Table 3 Model results

Table 2 shows results of the model structured according to the formative approach. Before analysing the coefficients, we have to specify that in this case the tests of goodness of fit show not ideal values. In fact, the GFI is 0.61, the AGFI is 0.48, the CFI is 0.72, the RMSEA is 0.10 (Table 2). However, we can surely consider the values of CFI and RMSEA as acceptable. We also observed that not all the parameters are statistically significant, and some of them have not the expected sign. There are three service factors which show a negative sign: cleanliness of stations (−0.039), localization of stations (-0.195), and bicycle transport on board (−0.542), meaning that if satisfaction with these factors increase, the overall satisfaction decreases. However, cleanliness of stations and bicycle transport on board are not significant at a good level of significance.

In the following, we want to analyse the coefficients of some service aspects with the aim to have a comparison between the two kinds of approaches and to confirm that the reflective approach could be not very suitable for describing the relationship concerning some latent constructs. More specifically, by observing the weights of the latent exogenous variables, we can say that also in this case the service aspects having the highest positive effect on service quality are service (0.514) and cleanliness (0.392), even if they show more difference of weight. Directly after, there are three service aspects presenting similar coefficients: comfort (0.330), information (0.278) and personnel (0.246). Also according the formative approach, safety and additional services have the lowest effect on service quality, showing weights of 0.110 and 0.103, respectively. Analogously to the reflective approach, the relationship between the latent endogenous variable and observed variables shows that satisfaction explains the major part of service quality, showing a weight of 0.437, but also the critical event indicator has a relevant influence (−0.284) (Table 4).

Table 4 Model results

5 Discussion of the results

The most interesting aspect of the proposed models is represented by the relationship between the latent exogenous variables and their observed indicators, because the difference between the two investigated approaches concerns just the nature of the relationship between the latent constructs and the observed indicators.

Starting from the service aspects resulting as the most important for the users (service and cleanliness), we can observe that the coefficients of the reflective model are higher than the coefficients of the formative model. According to the reflective approach, service characteristics are well explained by the service factors linked to the reliability of the service: frequency of runs (0.775), punctuality (0.771) and regularity (0.759); also integration between the services analysed and other local transit services presents a relevant weight (0.706); finally, the factors linked to the fare and localization of station have the lowest weights (0.698 and 0.675, respectively). According to the formative approach, punctuality is the factor mostly influencing service quality, showing a coefficient significantly higher than the others (0.671). Except the factor linked to the fare which obtained a coefficient equal to 0.495, the other factors presents low weights.

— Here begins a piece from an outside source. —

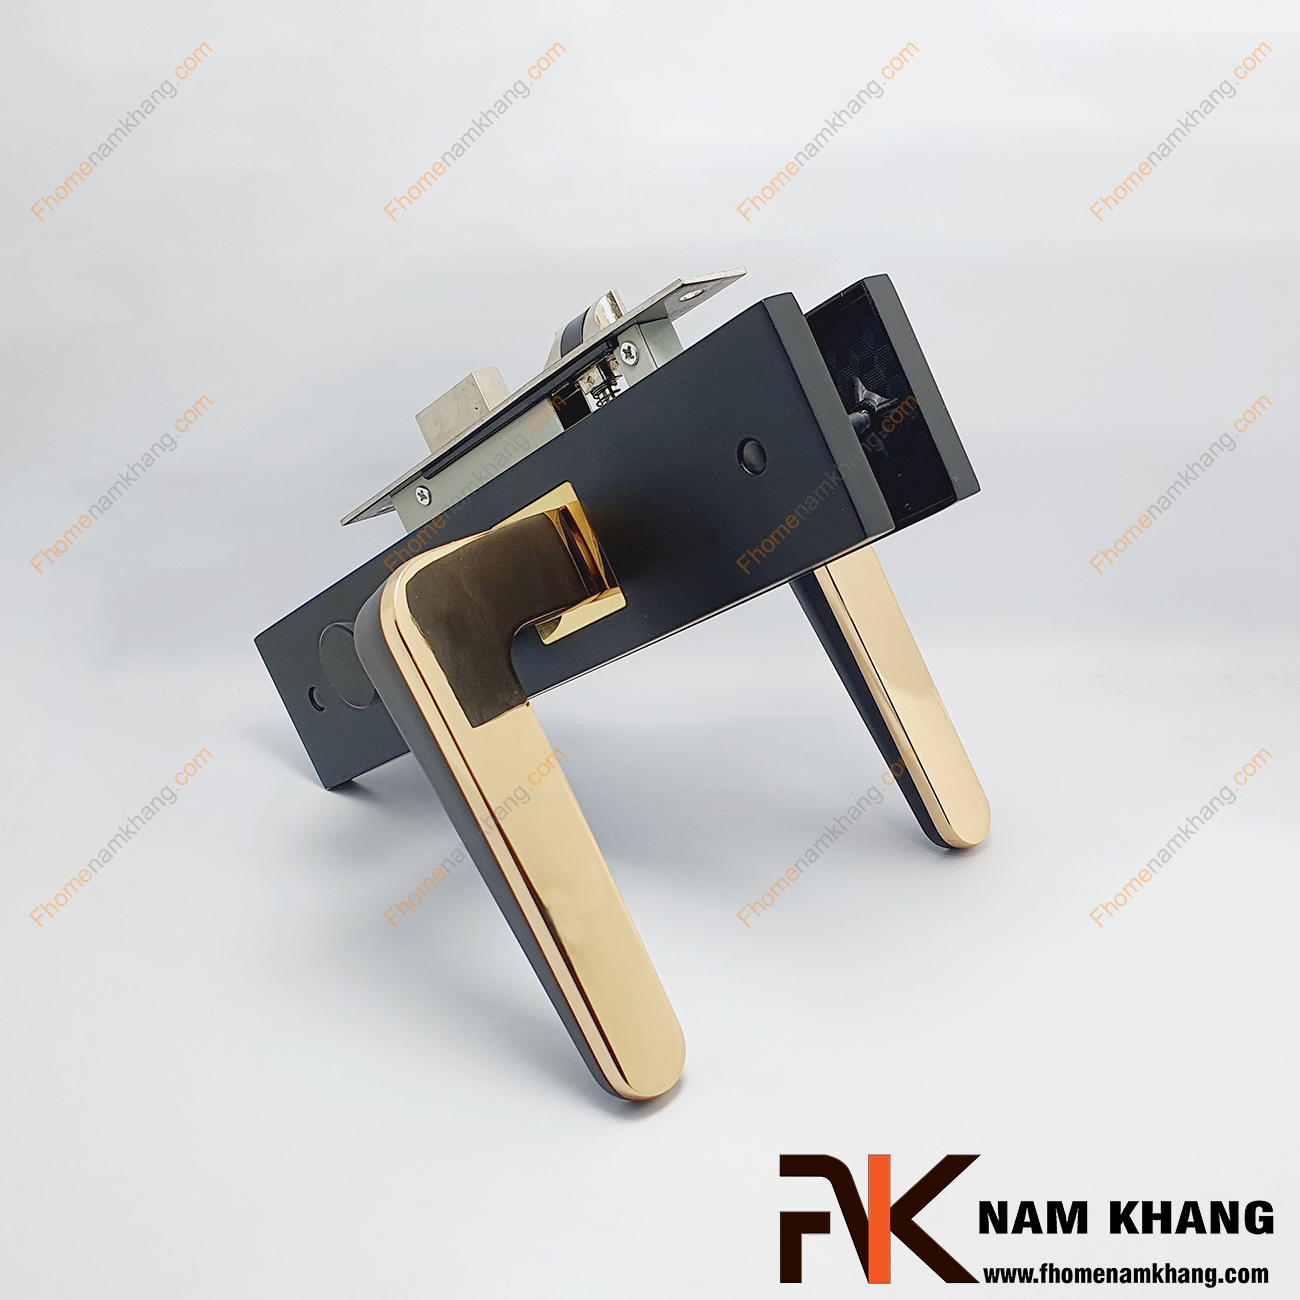 Khóa cửa thông phòng dạng trơn hiện đại màu đen NK485M-DV là một dạng khóa hiện đại thiết kế ốp góc vuông ấn tượng. Trên thân tay gạt có phối điểm vàng bóng rất nổi bật.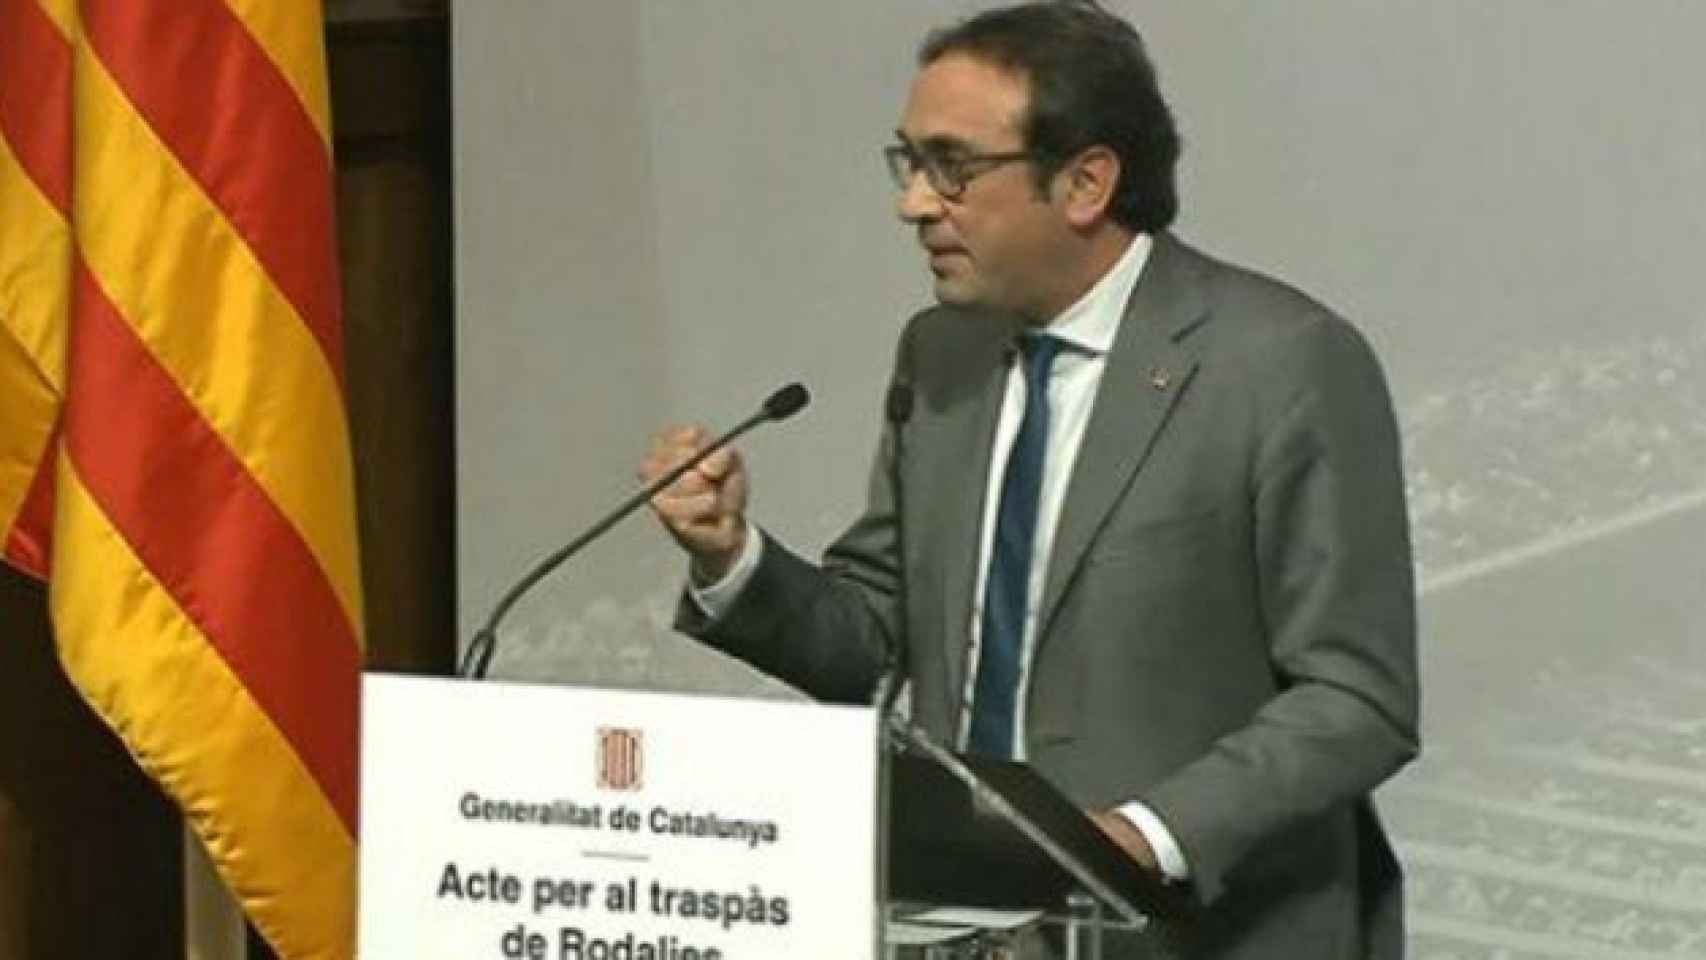 El consejero de Territorio y Sostenibilidad, Josep Rull, durante el acto 'Pel traspàs de Rodalies' (Por el traspado de Cercanías).

According to the reflective model, cleanliness is prevalently understood as maintenance of the seats (0.916), cleanliness of seats (0.905) and of vehicles (0.904); the other indicators have lower weights, up to a minimum value of 0.676, registered for the attribute linked to the maintenance of the stations. So, for the users cleanliness represents the cleanliness on board, it means cleanliness of seats and vehicles. A similar result is obtained from the formative approach, even if cleanliness of vehicles (0.442) and of the seats (0.423) are prevalent as regards maintenance of the seats (0.355).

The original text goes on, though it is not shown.